The decision to release these policies alongside the open-weight gpt-oss-safeguard model is a clear statement regarding the company’s vision for AI governance. By providing the tools and the policies, OpenAI aims to support a broad, decentralized safety effort. This contrasts with models where safety mechanisms are proprietary and locked behind API calls, limiting external audit and customization.

The inclusion of open-weight models is intended to lower the barrier to entry for safety implementation. Developers who might lack deep internal expertise in AI safety or have limited resources can now access a structured set of policies and a capable, open-source safety model to build foundational protections.

This open approach is crucial for the industry's maturity. It shifts the burden of safety implementation from a single gatekeeper to a collective effort, encouraging a wider array of developers—from small startups to large enterprises—to prioritize robust safety guardrails when building AI tools.


Beyond the Basics: Specific Risk Vectors

The scope of the policies demonstrates a granular understanding of the unique vulnerabilities of the teen demographic. The policies go far beyond simple profanity filters, tackling complex behavioral and developmental risks.

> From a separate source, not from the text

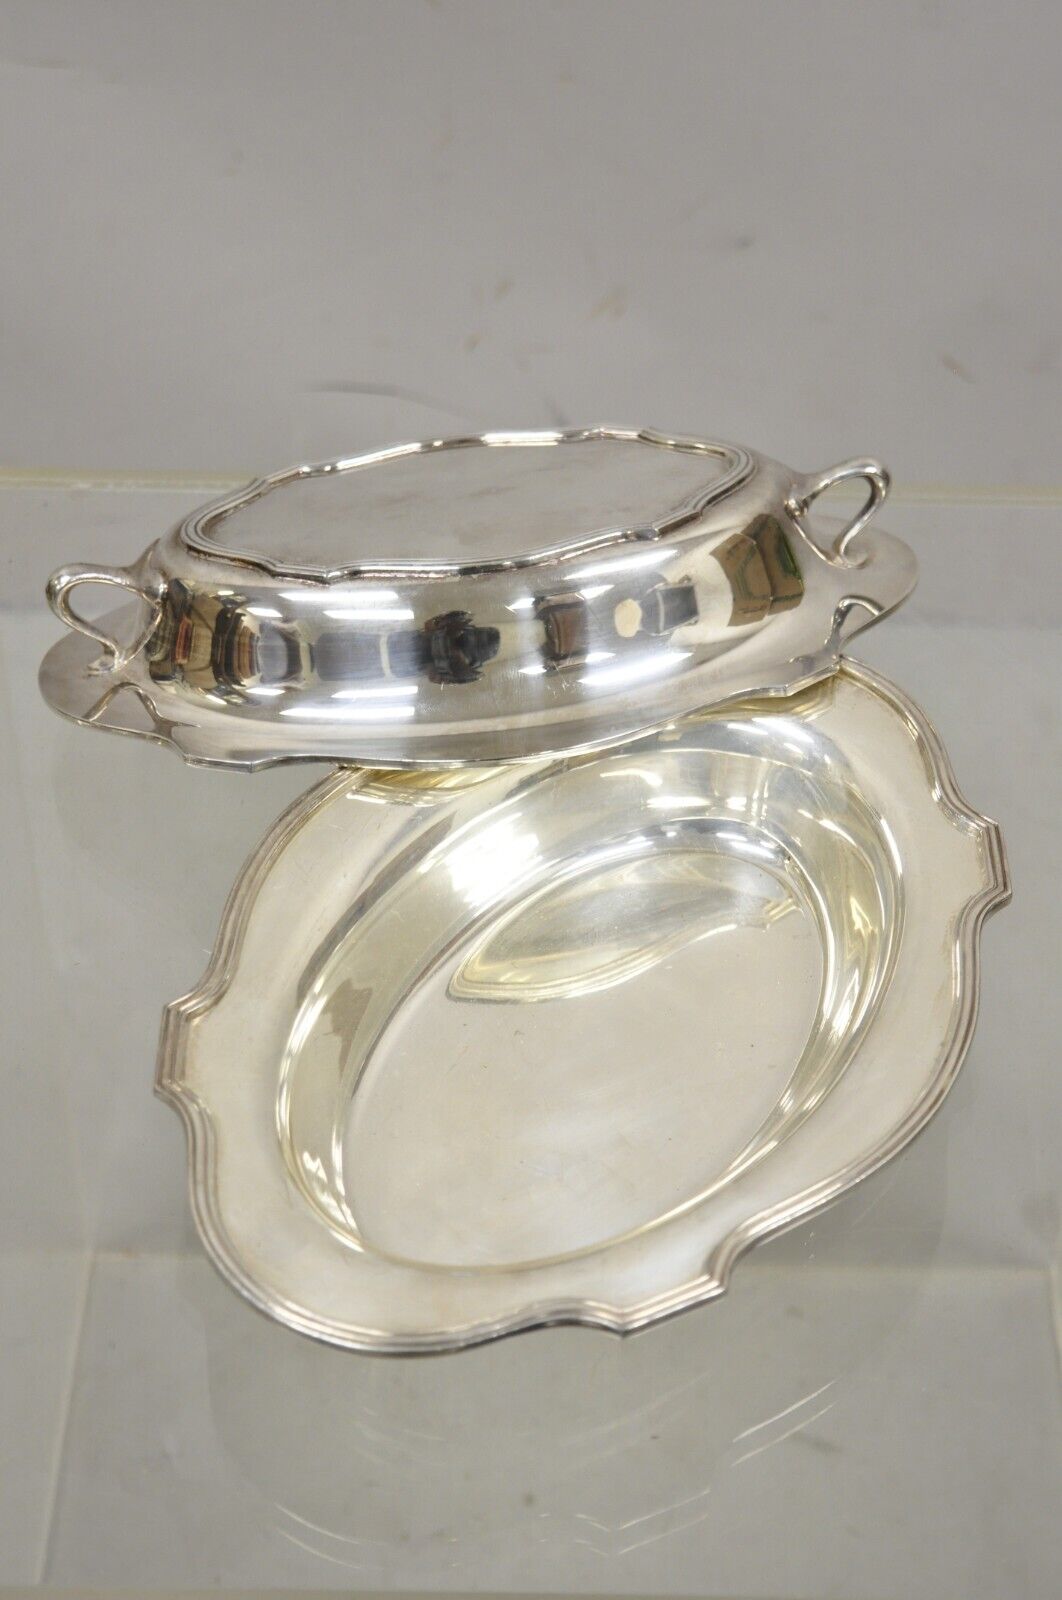 LBS Co English Regency Style Silver Plated Covered Serving Dish Vegetable Bowl

The explicit inclusion of policies targeting "Harmful body ideals and behaviors" and "Romantic or violent roleplay" shows an intent to address psychological and social harms, not just overt policy violations. These areas require nuanced contextual understanding, which the prompt-based structure is designed to facilitate.

Furthermore, the policy covering "Age-restricted goods and services" directly addresses the commercial and legal risks associated with minors interacting with advanced AI. By operationalizing these guardrails, developers are compelled to build checks that verify age appropriateness and prevent the circumvention of age-gating mechanisms, thereby mitigating potential legal and ethical liabilities.